Expectations weren’t exactly high for Boohoo Group’s, full-year results on Tuesday. So it was no surprise that the company said the 12 months to the end of February (FY23) saw revenue down 11% year on year to £1.768 billion, or -13% at constant exchange rates. However, revenue jumped 43% on a three-year basis.
The gross margin fell to 50.6% from 52.5% a year ago and from 54% three years ago.
Adjusted EBITDA at the Debenhams, Karen Millen, Nasty Gal and PrettyLittleThing owner fell to £63.3 million, a 49% drop against last year and -50% against three years ago. The figure was affected by lower sales, freight and logistics inflation, labour and energy cost inflation. Ongoing strategic investments also dented profits but it should benefit from these over the medium term
The adjusted loss before tax was £1.6 million compared to a profit of £82.5 million a year earlier, and the statutory loss before tax was £90.7 million against a £7.8 million profit this time last year.
The company chose to highlight the positives — significant market share gains over the last three years; successful delivery of automation in its Sheffield hub, “driving best-in-class operational performance and significant savings”; “substantial progress” made ahead of the phased launch of US distribution centre later this year; a “leaner, lighter, faster inventory position”, with stock down 36%; strong cash generation and more.
Looking at the figures in more detail, along with the overall 11% revenue decline, the UK was down 9% but up 61% over three years. International revenues were down 13% against last year, and up 22% on 2020.

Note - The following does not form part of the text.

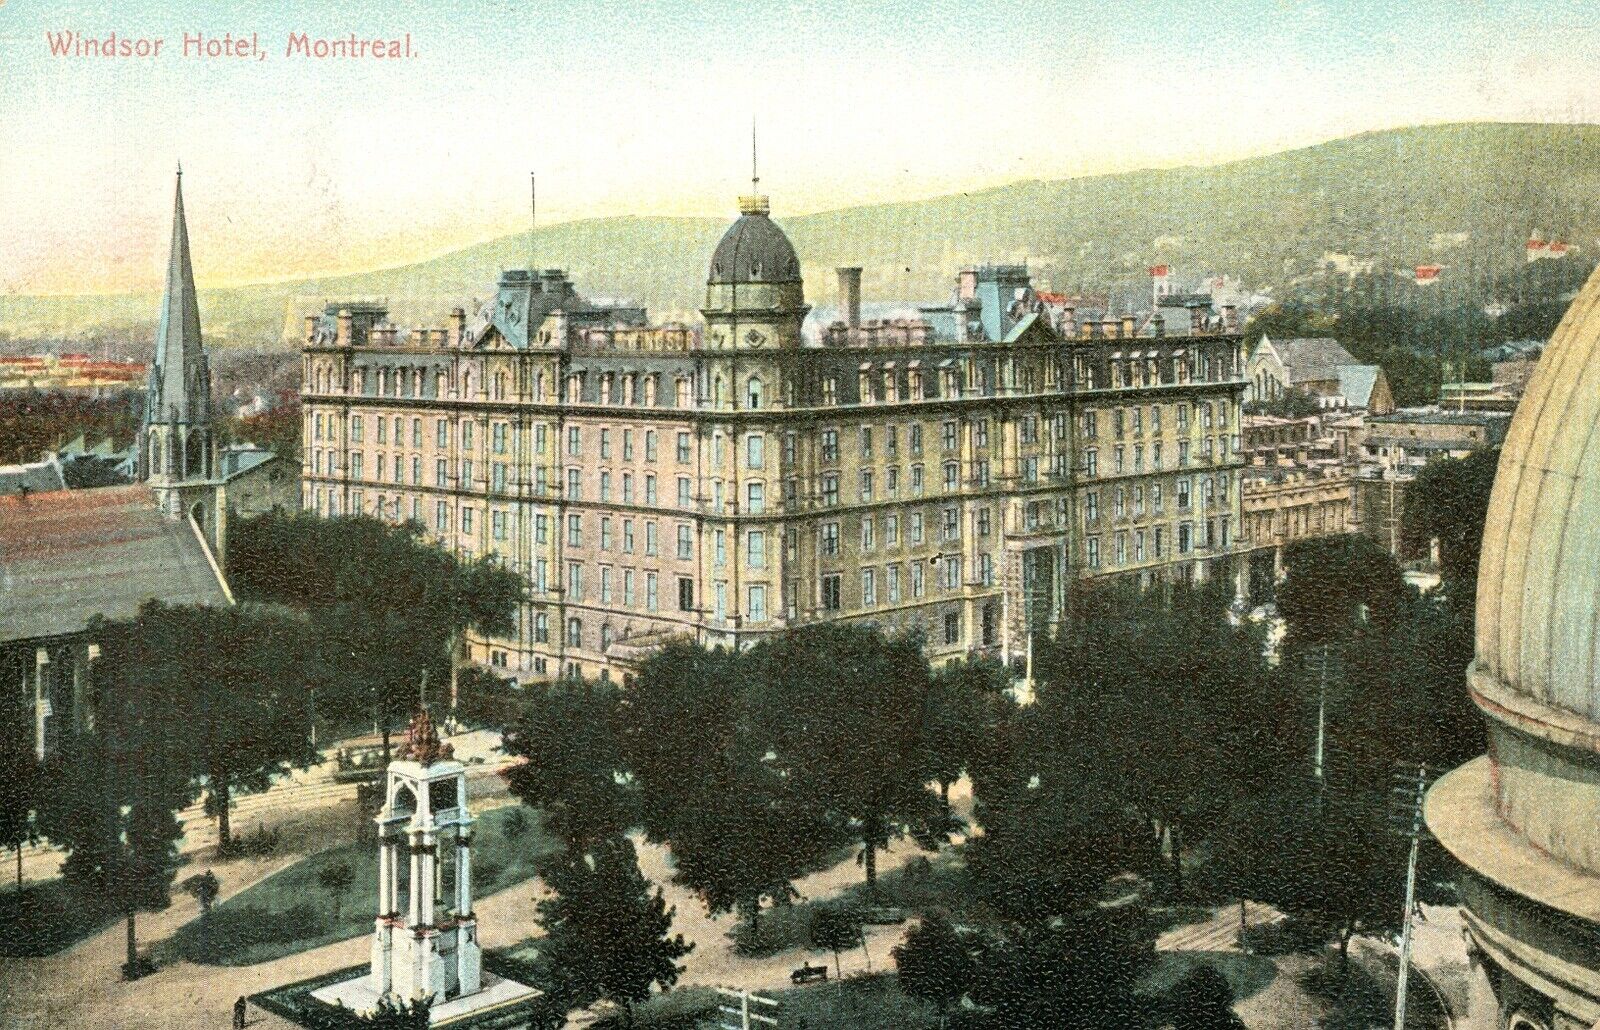 PRIVATE POST CARD Antique c1907 WINDSOR HOTEL, Montreal CANADA Reverse writing

The UK market remains its largest (62% of revenue). Return rates increased here (and in all other regions) above pre-pandemic levels due to the change in the product mix post-pandemic (occasionwear sees higher returns than loungewear does). The introduction of newer, higher-price point brands that have higher return rates also had an impact, as did macro consumer trends.
The gross margin reduced from 49.4% to 47.9% due to higher inbound shipping rates and product cost inflation.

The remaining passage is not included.